Problem:
Only the lines from the one containing "Suzette holding an" to the end of the data below belong in the answer, each repeated exactly; no pictures.

Raw data:
□ □ □ □ □
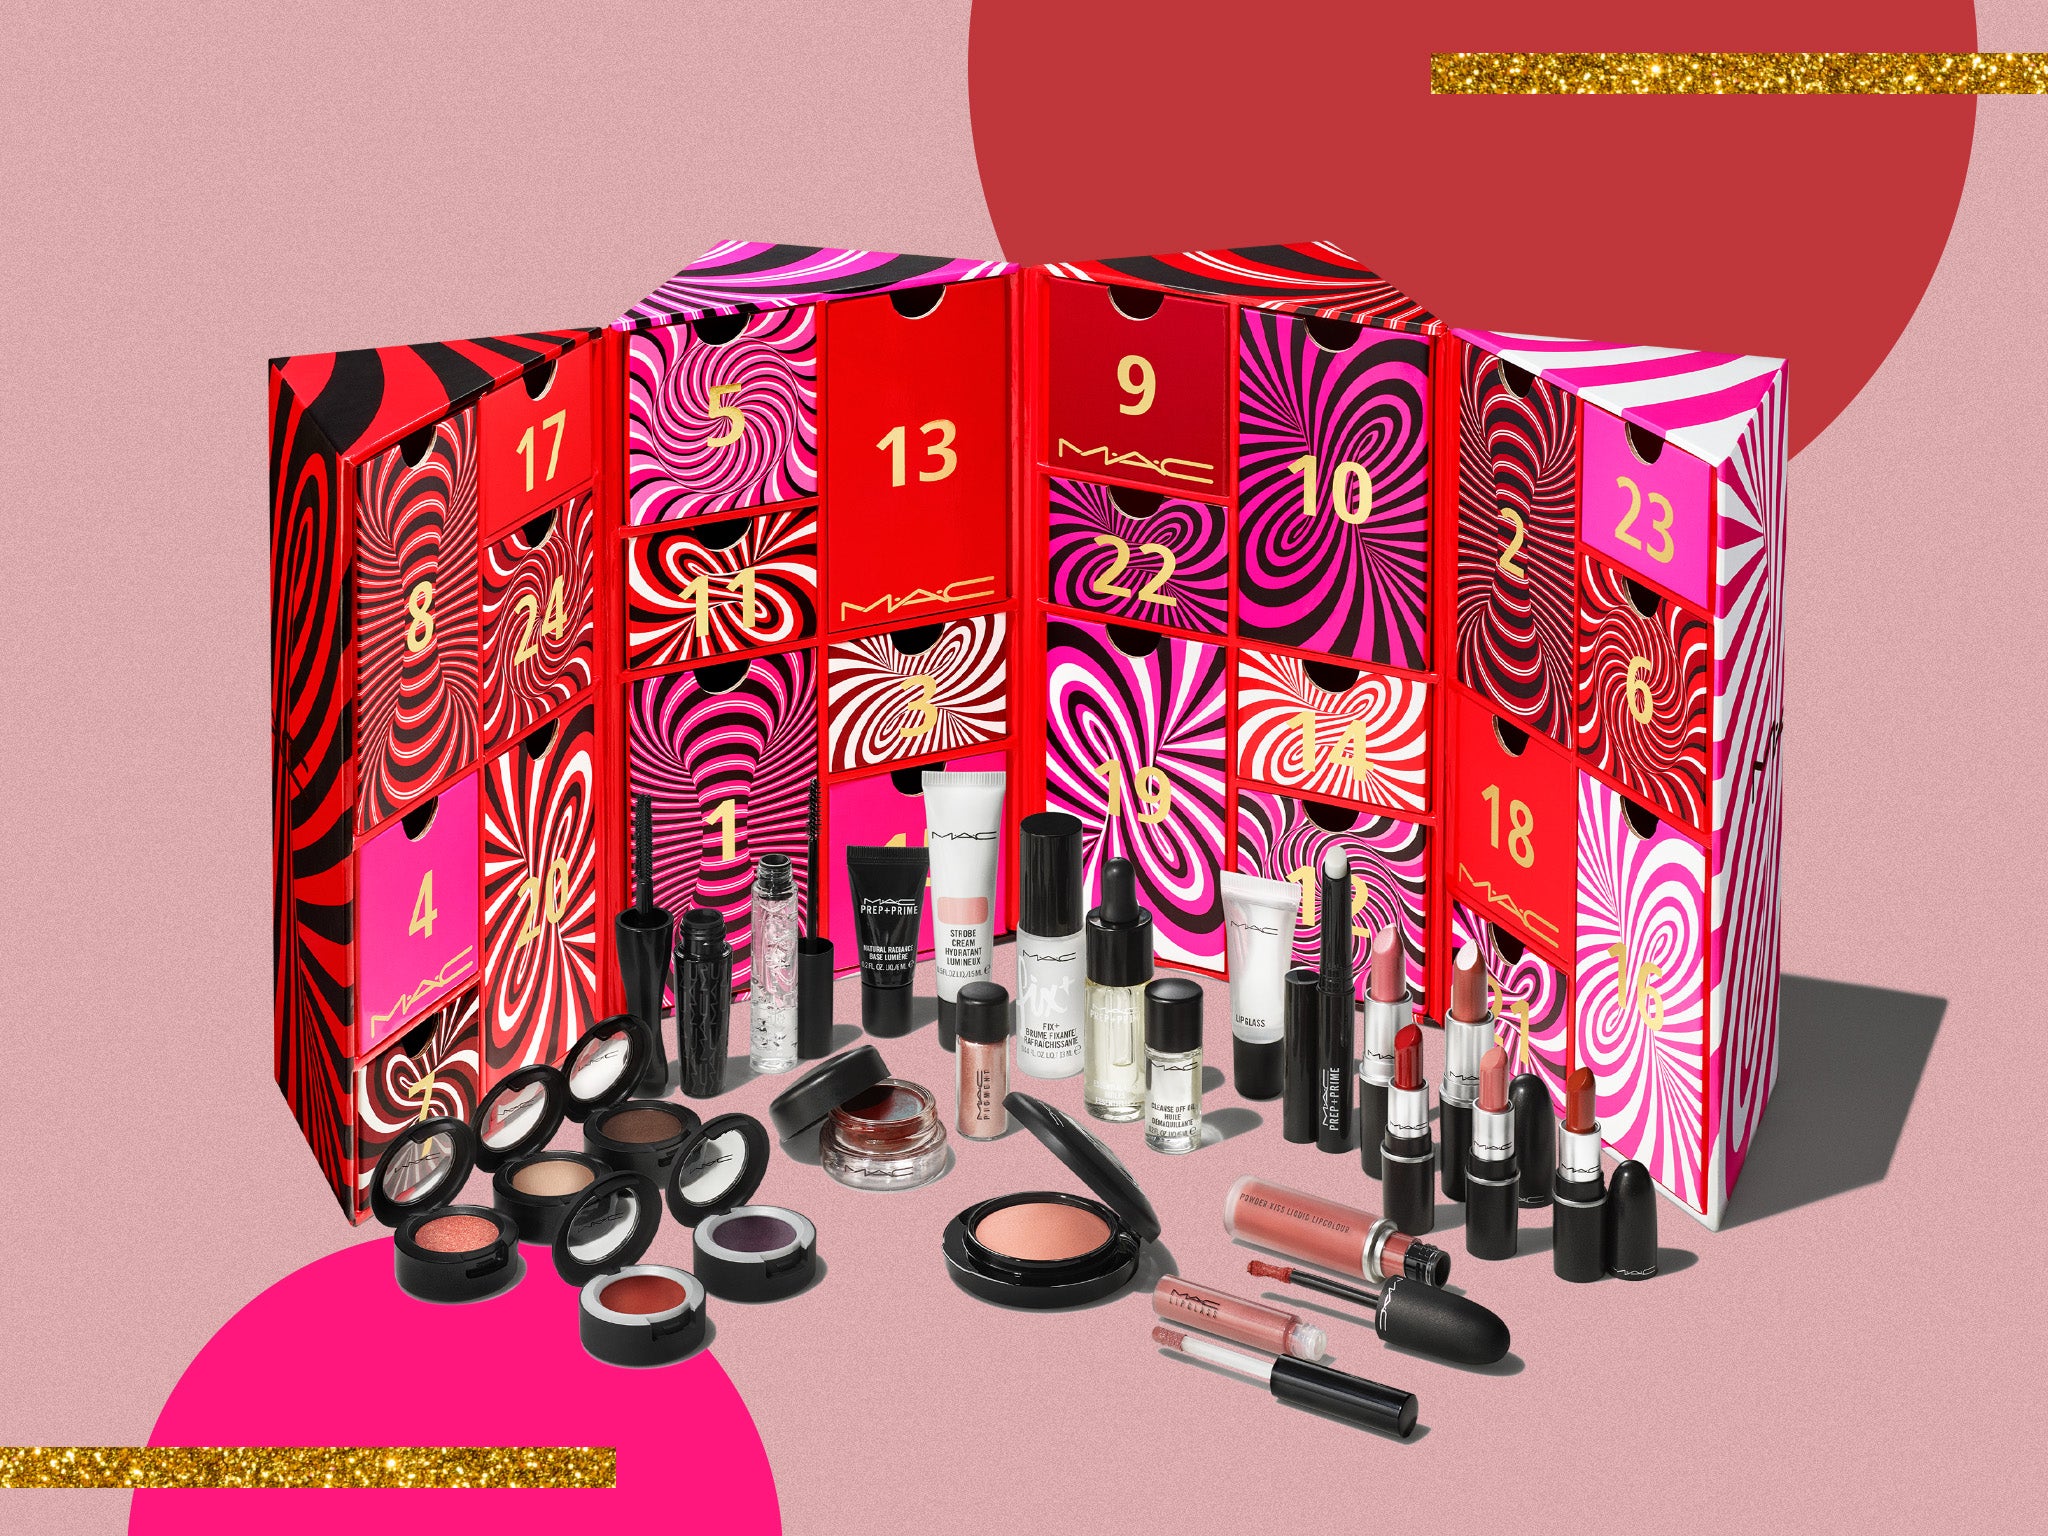 Mac beauty advent calendar review: A worthy collection of cult
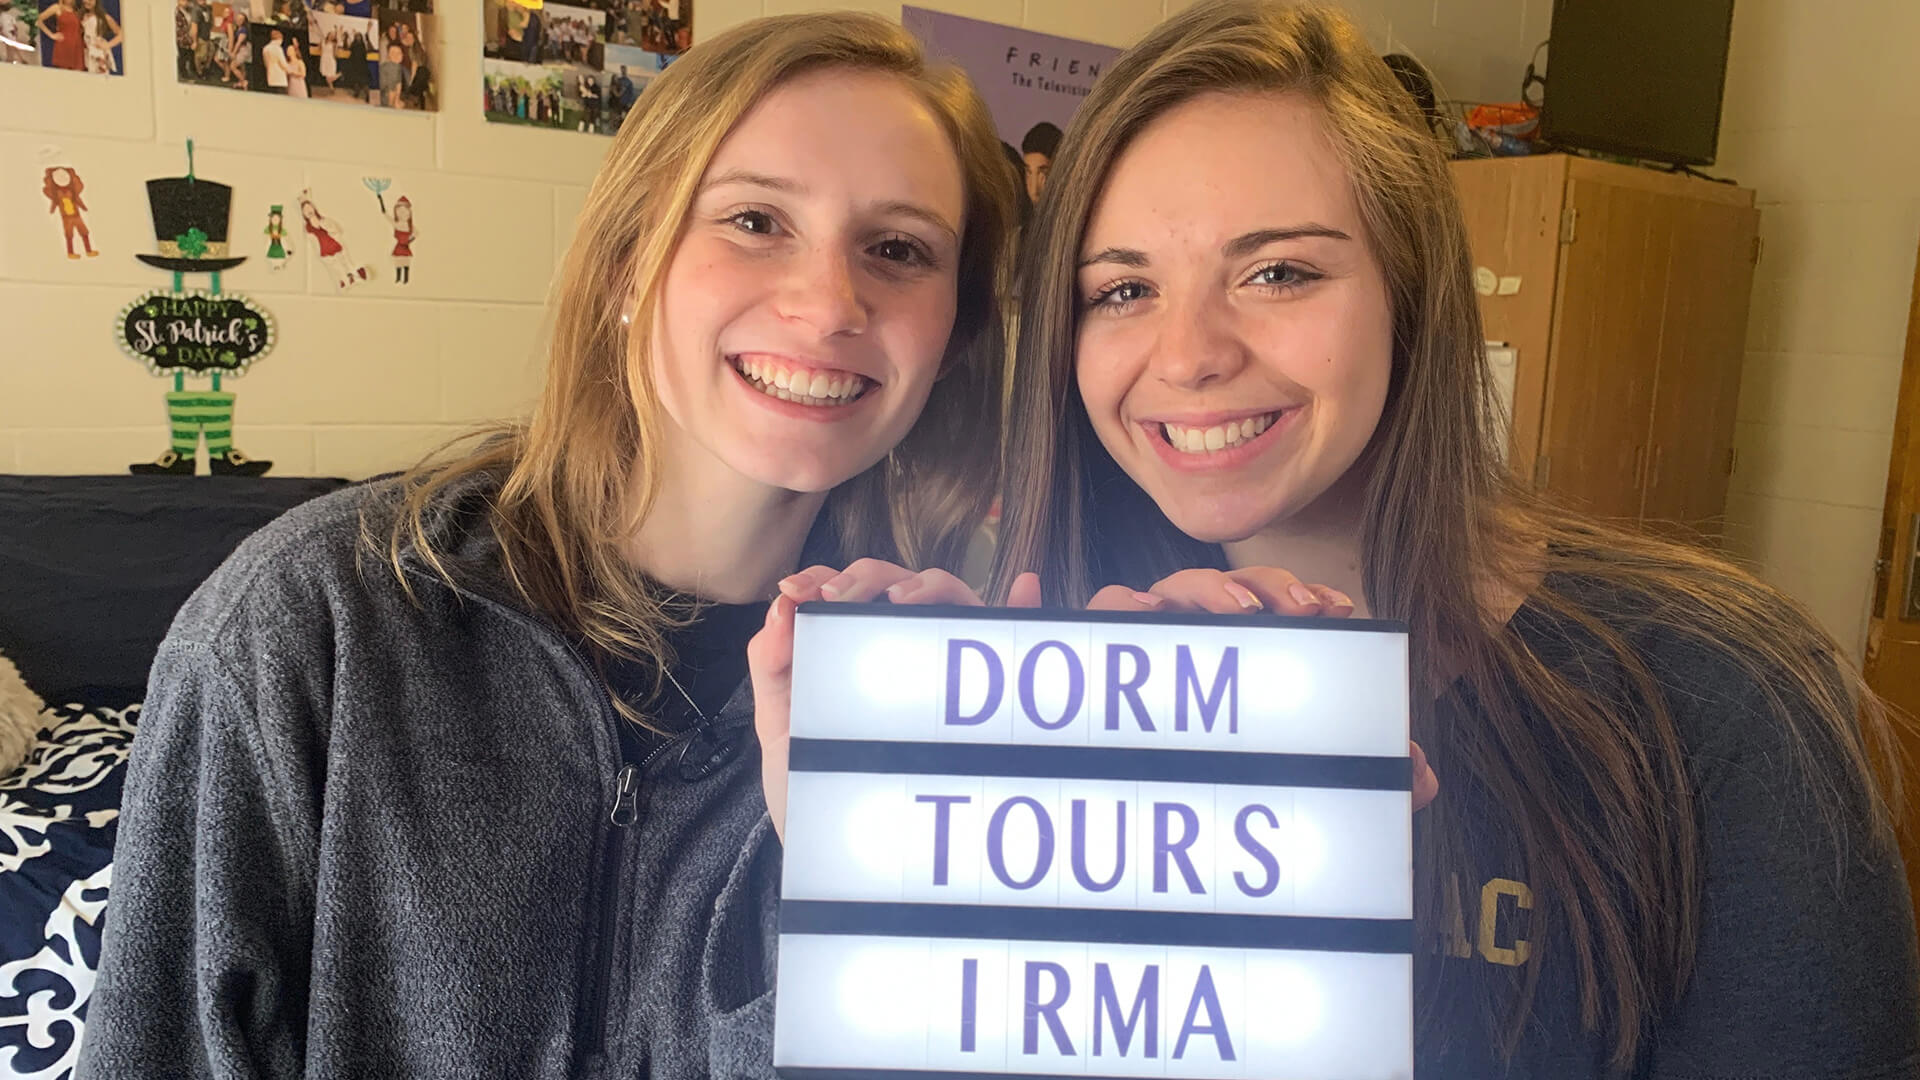 Suzette holding an Irma sign with her roommate
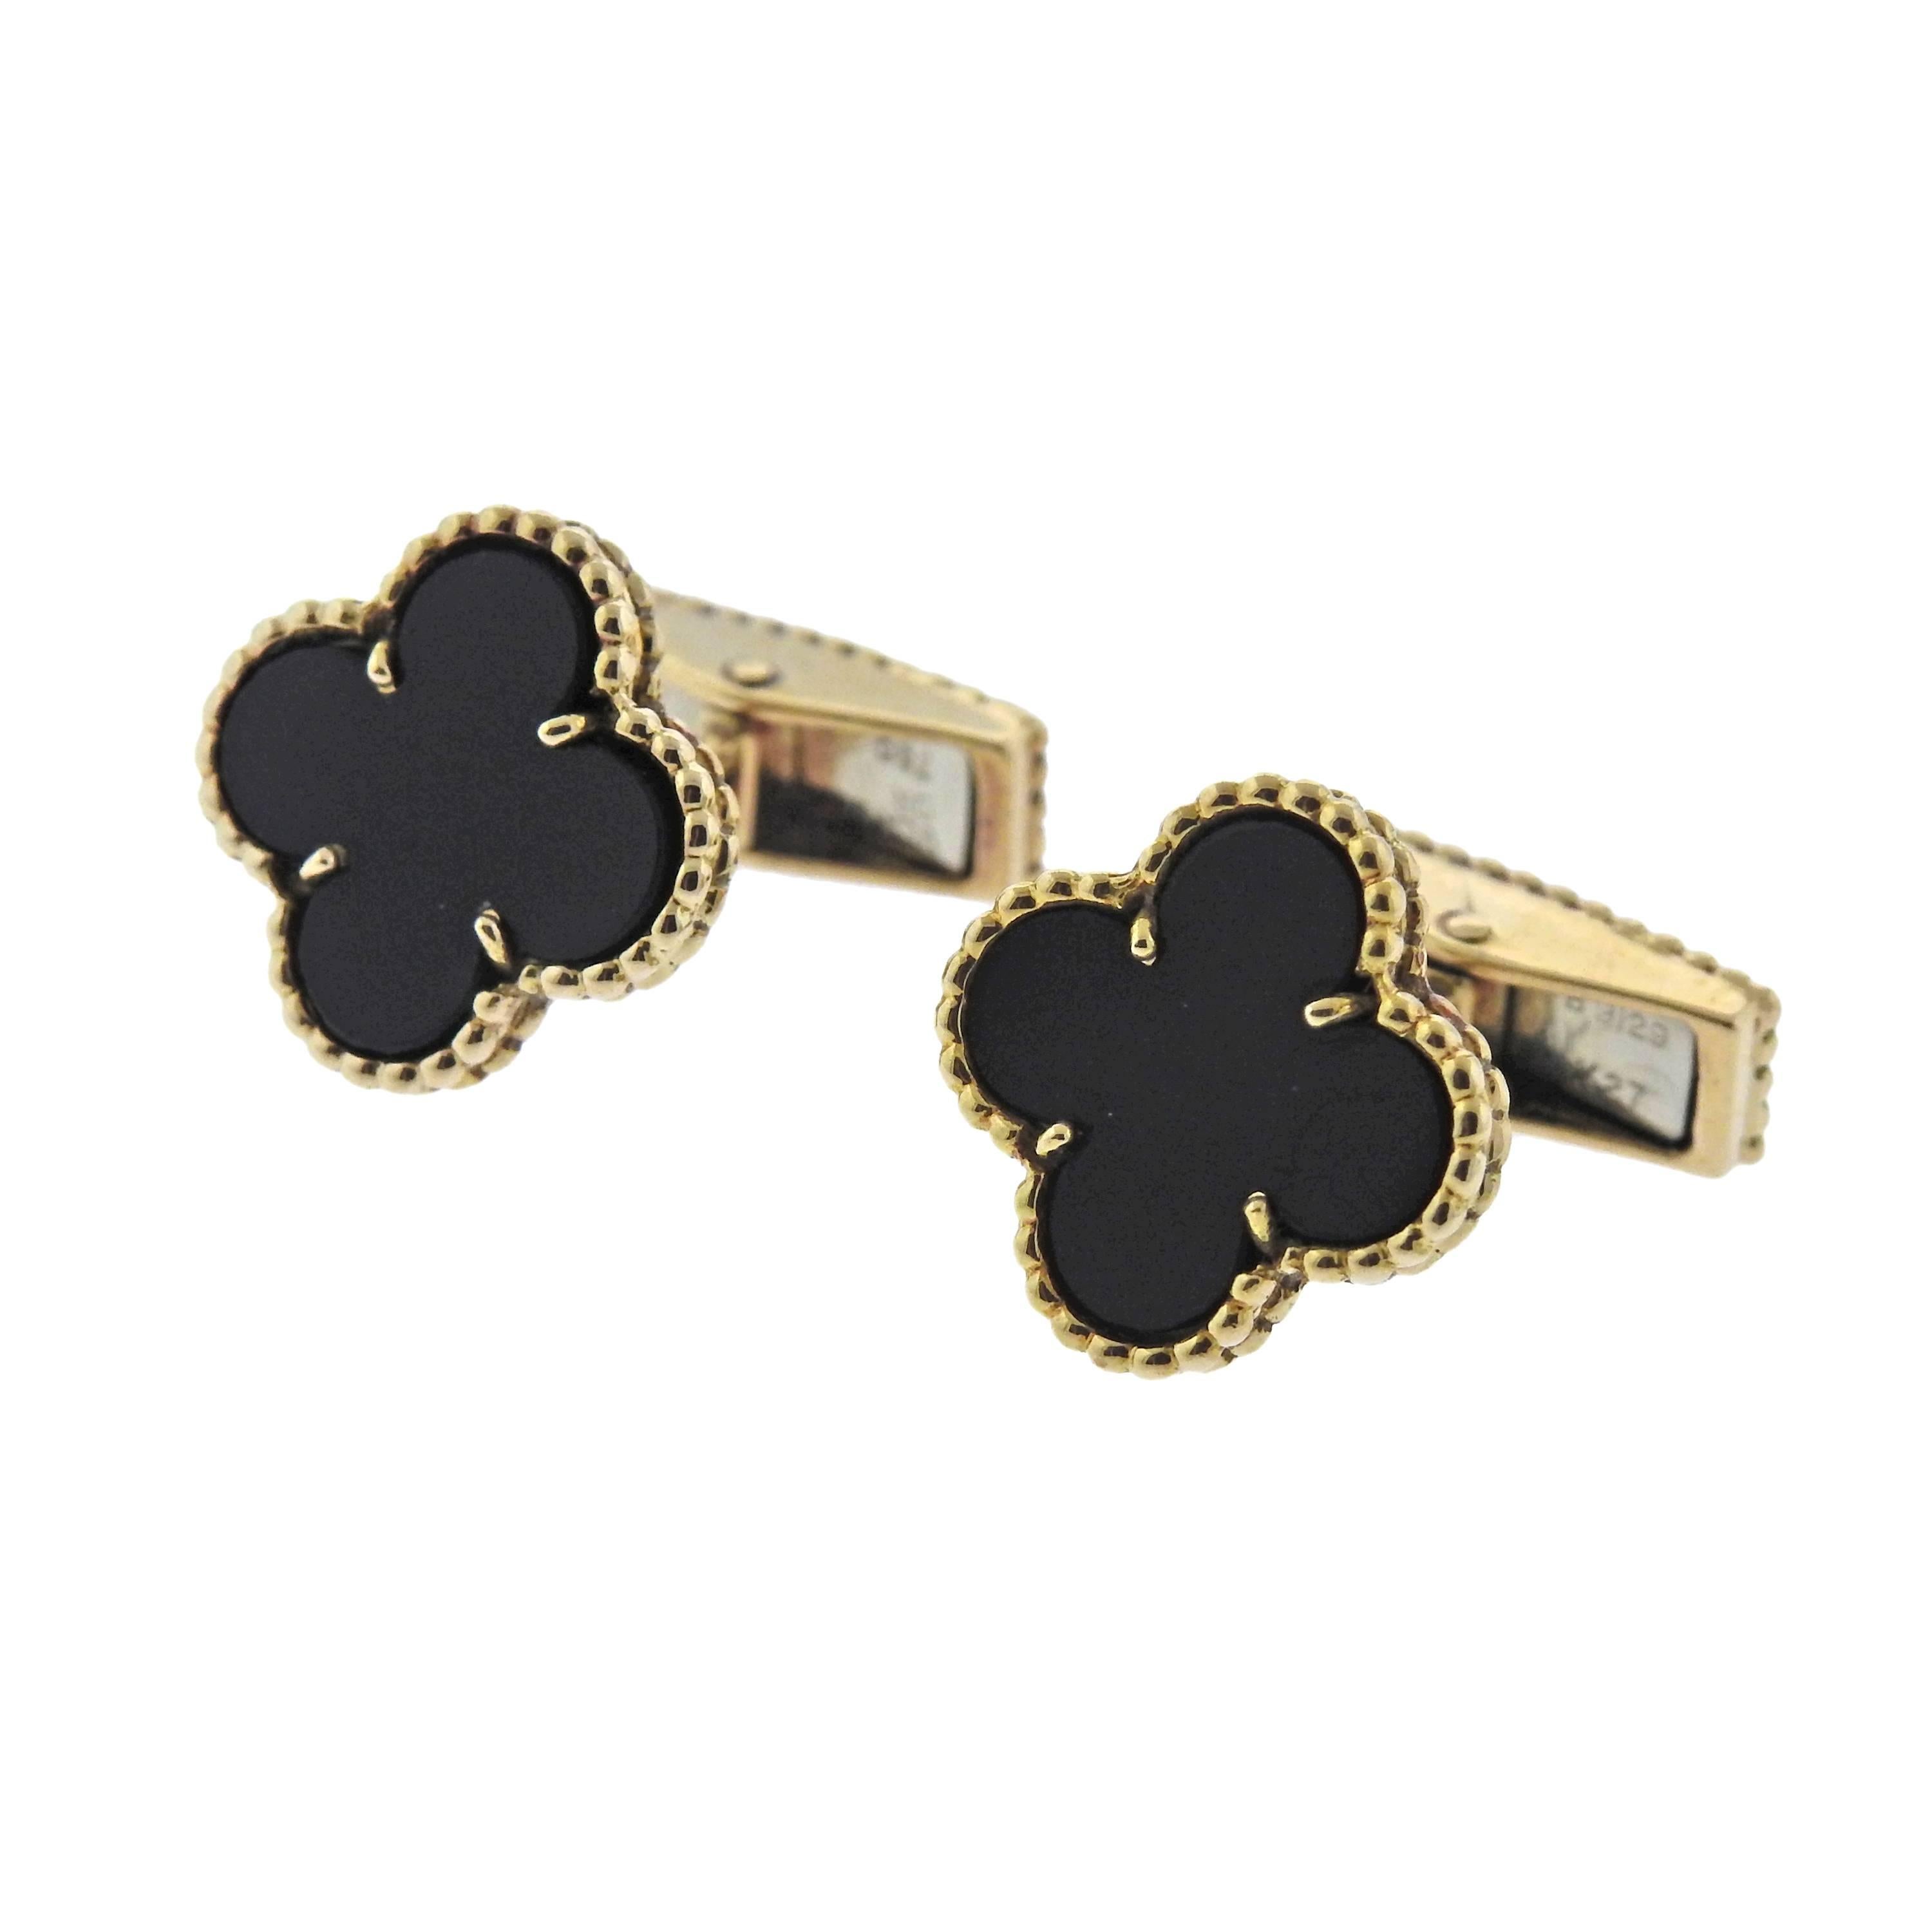 Pair of iconic Alhambra 18k gold cufflinks, crafted by Van Cleef & Arpels, set with black onyx.  Each top is 13.7mm x 14.7mm. Weight - 9.2 grams. Marked: VCA hallmark, French eagle marks, VCA or 750, B9129***.
□ □ □ □ □
Completed task:
 Suzette holding an Irma sign with her roommate
 Pair of iconic Alhambra 18k gold cufflinks, crafted by Van Cleef & Arpels, set with black onyx.  Each top is 13.7mm x 14.7mm. Weight - 9.2 grams. Marked: VCA hallmark, French eagle marks, VCA or 750, B9129***.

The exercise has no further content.